Como se infere da teor de fl.s 555 a 566, o M.mo juiz motivou tais respostas na análise crítica da vasta prova documental e testemunhal produzida em julgamento, iniciando-a por uma apreciação global e crítica da mesma (que a seguir se transcreverá) e terminando-a com um resumo de cada um dos depoimentos das 13 testemunhas ouvidas.
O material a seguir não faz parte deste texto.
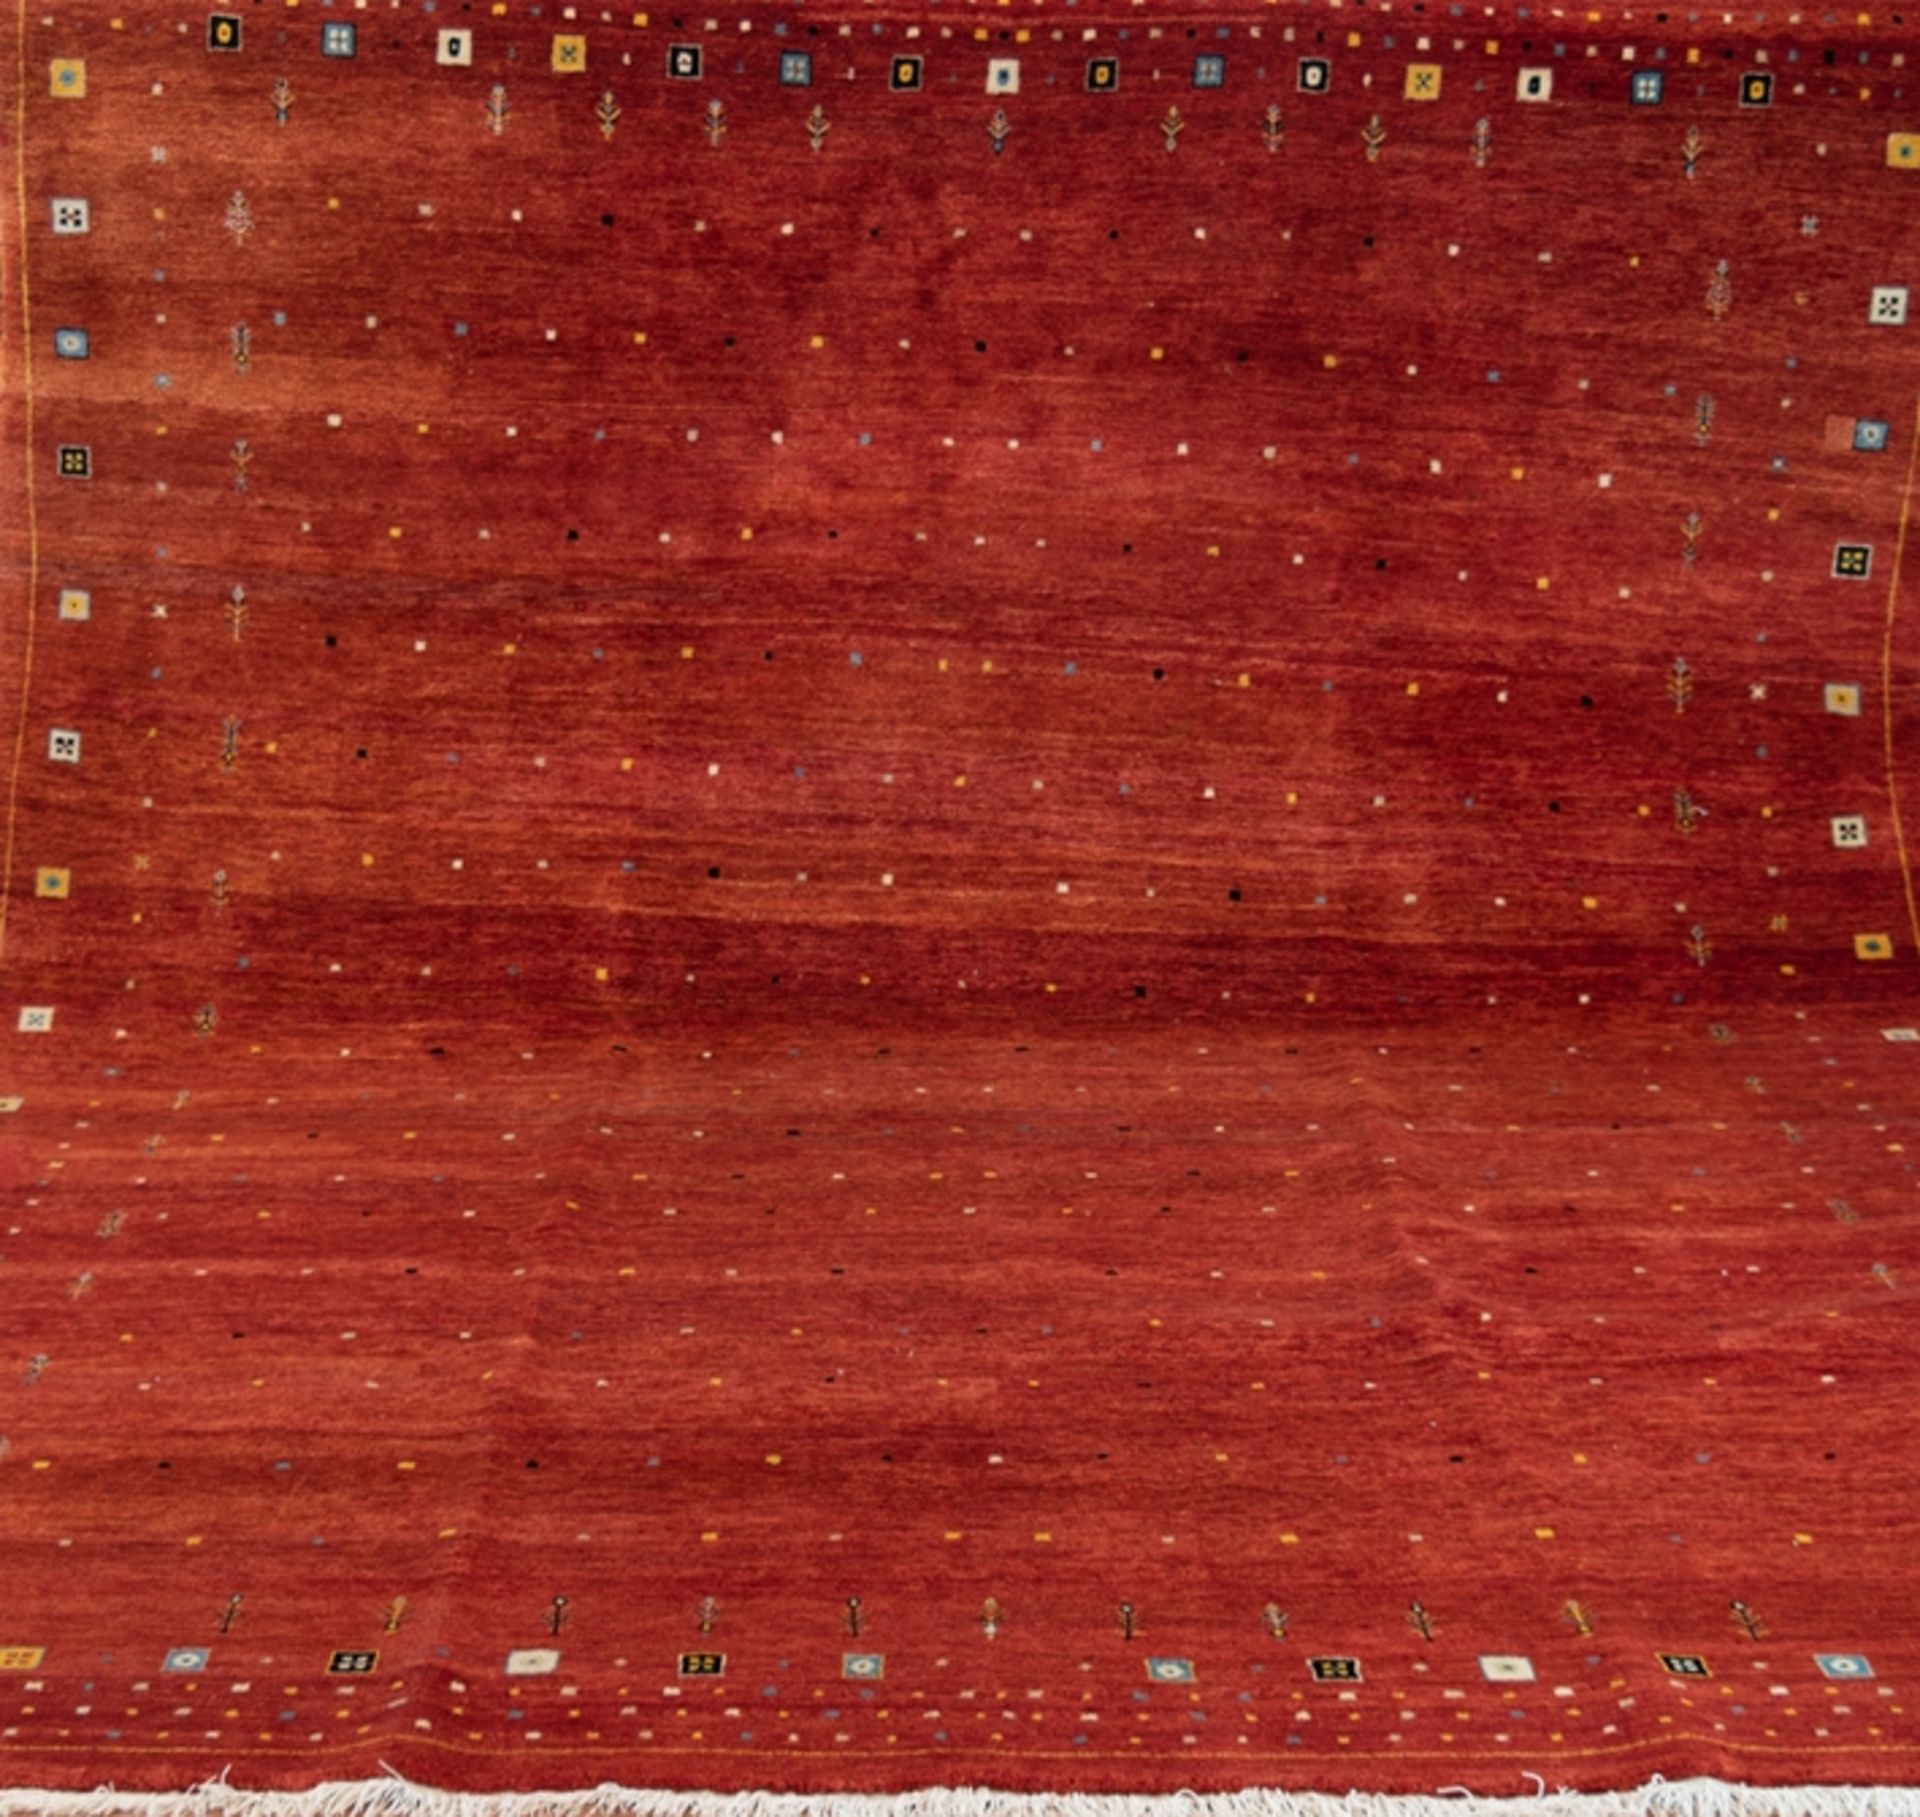 Persischer Teppich, kleine farbige Quadrate auf rotbraunem Grund, 290x240 cm
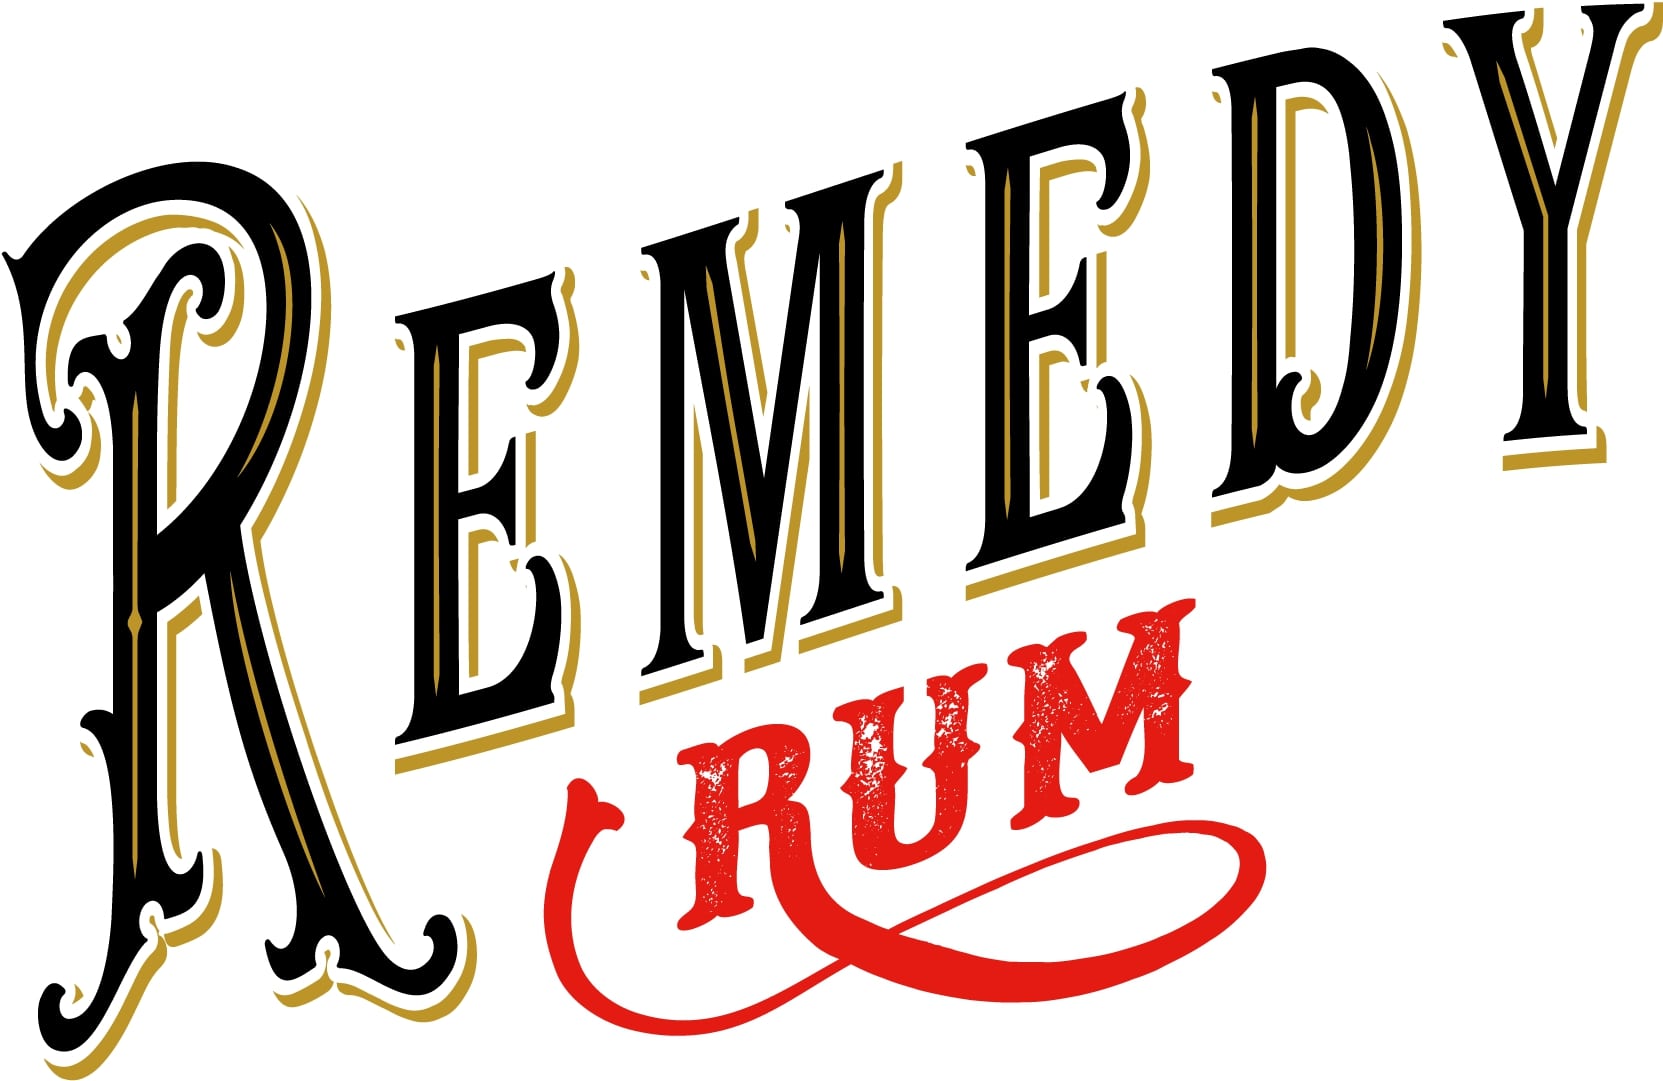 Remedy Spiced Rum Golden günstig 20s kaufen

Segue-se, então, para melhor compreensão, a aludida apreciação global:
“A decisão de facto provém da análise e ponderação crítica do conjunto da prova produzida e examinada em audiência, com recurso às regras próprias da experiência comum e aos conceitos da lógica elementar. Tudo devidamente ponderado, fica a convicção genérica de que o réu verificou que não ia receber pelo trabalho que havia desenvolvido, pelo que, a partir daí, tudo fez para salvaguardar a sua posição de efectivo ou de futuro credor, ainda que em prejuízo dos demais credores e, sobretudo, sem qualquer respeito pelas disposições legais relativas à liquidação de património em benefício dos credores; para o efeito, escriturou apressadamente o lote 7, com o propósito de ficar com um bem pertencente à empresa A..., deixando os demais credores a braços com as dificuldades próprias do processo de falência. Esta ideia genérica, deixo-a, seguidamente, explicada, primeiro, por apreciações gerais, depois, por referência aos elementos de prova colhidos e considerados, individualmente.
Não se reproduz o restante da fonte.